On Mon, Aug 22, 2022 at 10:42:15PM +0100, Marc Zyngier wrote:
Hi Gavin,
On Mon, 22 Aug 2022 02:58:20 +0100, Gavin Shan gshan@redhat.com wrote:
Hi Marc,
On 8/19/22 6:00 PM, Marc Zyngier wrote:
On Fri, 19 Aug 2022 01:55:57 +0100, Gavin Shan gshan@redhat.com wrote:
The ring-based dirty memory tracking has been available and enabled on x86 for a while. The feature is beneficial when the number of dirty pages is small in a checkpointing system or live migration scenario. More details can be found from fb04a1eddb1a ("KVM: X86: Implement ring-based dirty memory tracking").
This enables the ring-based dirty memory tracking on ARM64. It's notable that no extra reserved ring entries are needed on ARM64 because the huge pages are always split into base pages when page dirty tracking is enabled.
Can you please elaborate on this? Adding a per-CPU ring of course results in extra memory allocation, so there must be a subtle x86-specific detail that I'm not aware of...
Sure. I guess it's helpful to explain how it works in next revision. Something like below:
This enables the ring-based dirty memory tracking on ARM64. The feature is enabled by CONFIG_HAVE_KVM_DIRTY_RING, detected and enabled by CONFIG_HAVE_KVM_DIRTY_RING. A ring buffer is created on every vcpu and each entry is described by 'struct kvm_dirty_gfn'. The ring buffer is pushed by host when page becomes dirty and pulled by userspace. A vcpu exit is forced when the ring buffer becomes full. The ring buffers on all vcpus can be reset by ioctl command KVM_RESET_DIRTY_RINGS.
Yes, I think so. Adding a per-CPU ring results in extra memory allocation. However, it's avoiding synchronization among multiple vcpus when dirty pages happen on multiple vcpus. More discussion can be found from [1]

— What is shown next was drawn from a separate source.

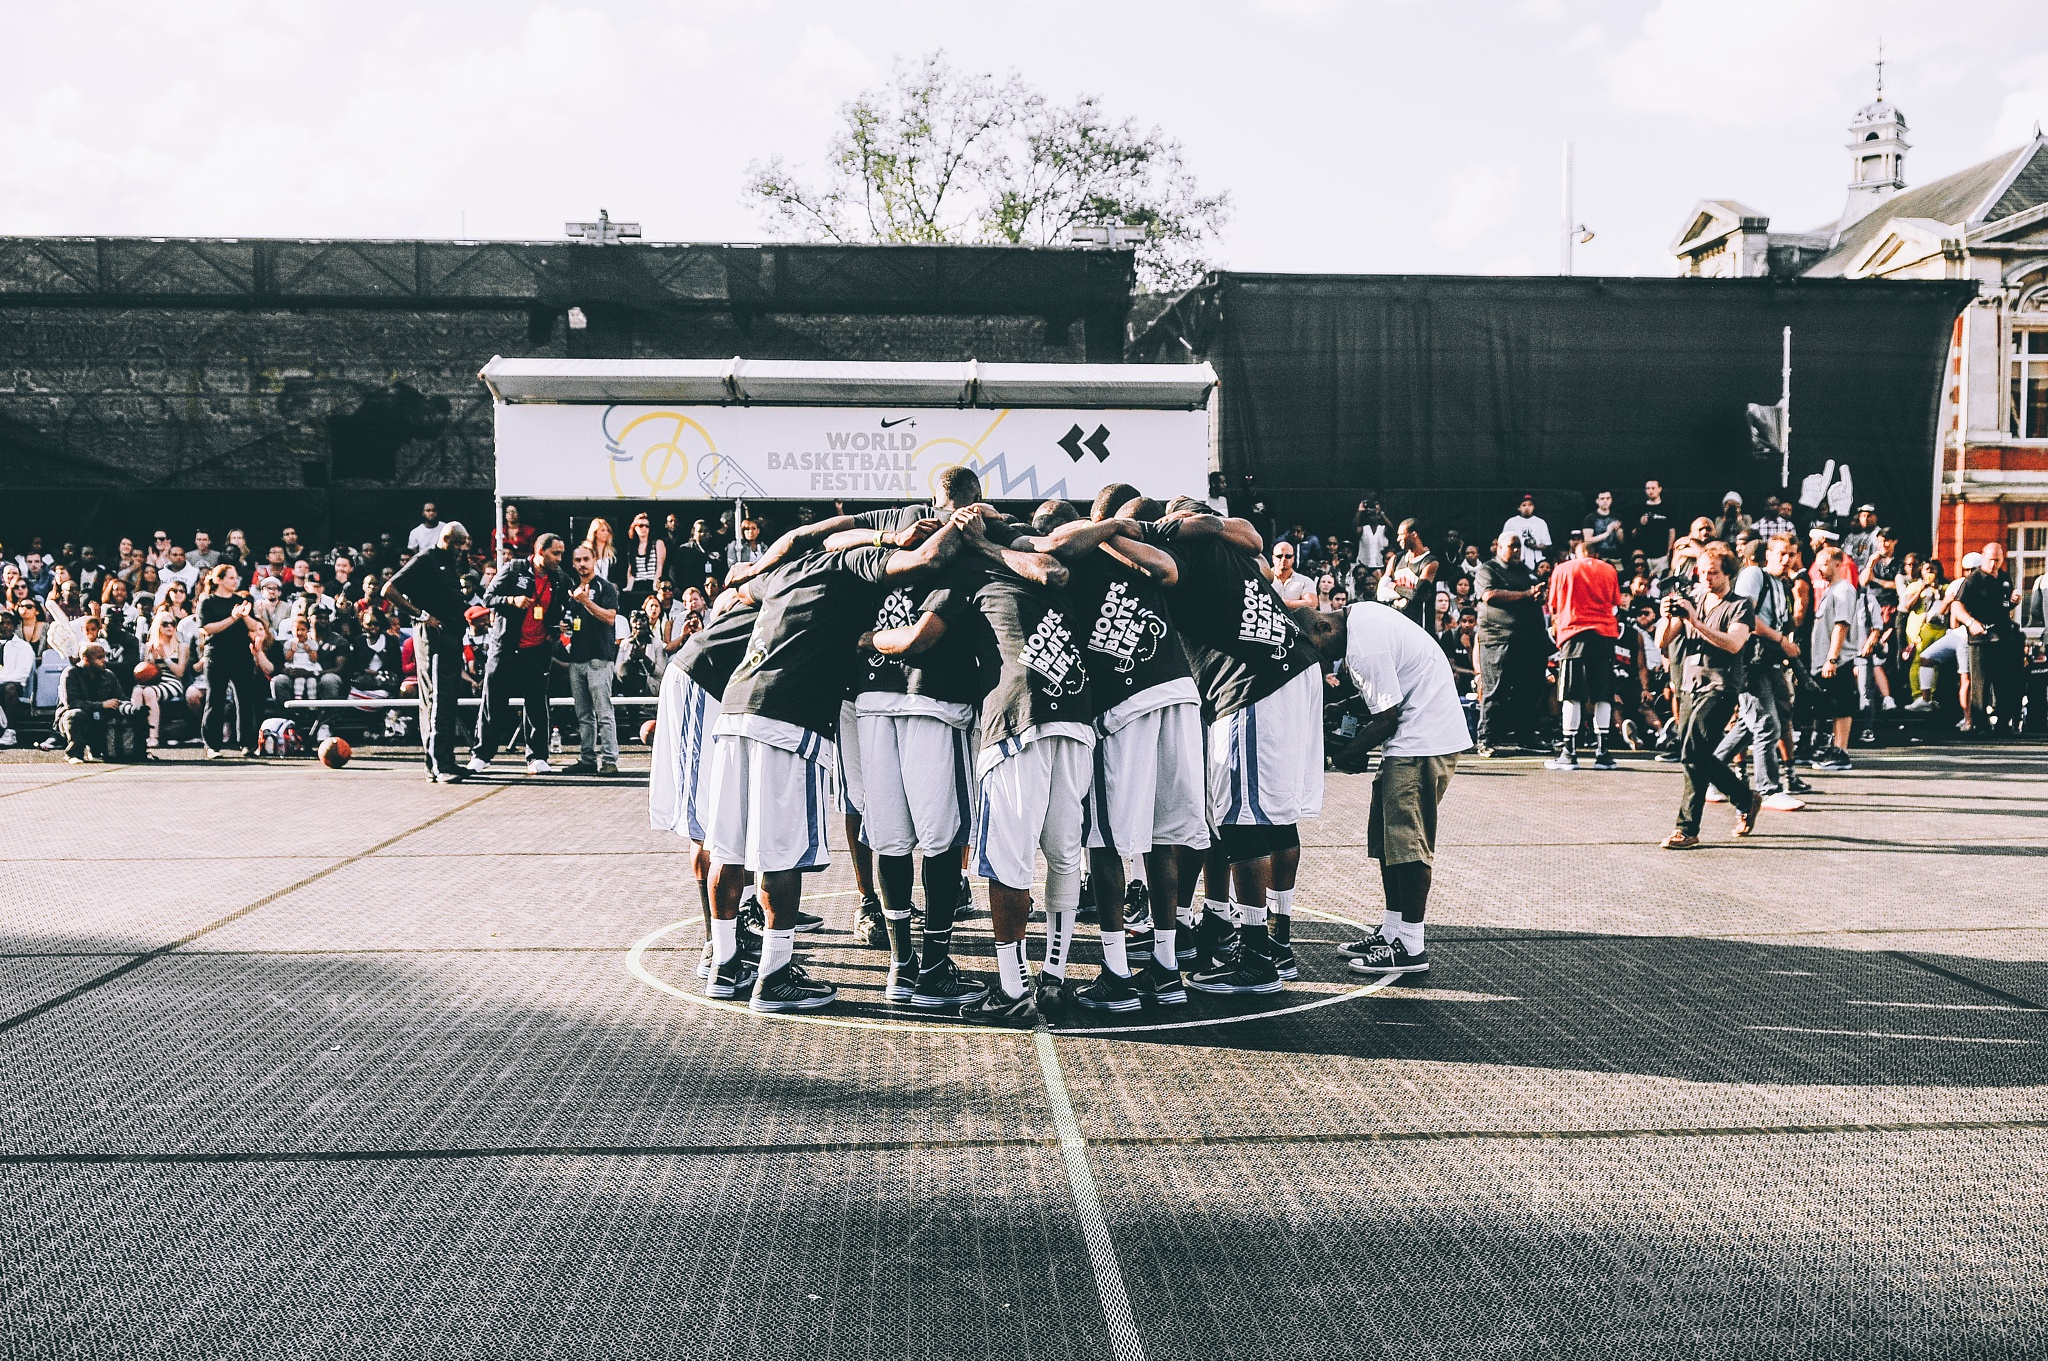 Teamwork by bemorephotos

Oh, I totally buy the relaxation of the synchronisation (though I doubt this will have any visible effect until we have something like Oliver's patches to allow parallel faulting).
Heh, yeah I need to get that out the door. I'll also note that Gavin's changes are still relevant without that series, as we do write unprotect in parallel at PTE granularity after commit f783ef1c0e82 ("KVM: arm64: Add fast path to handle permission relaxation during dirty logging").
-- Thanks, Oliver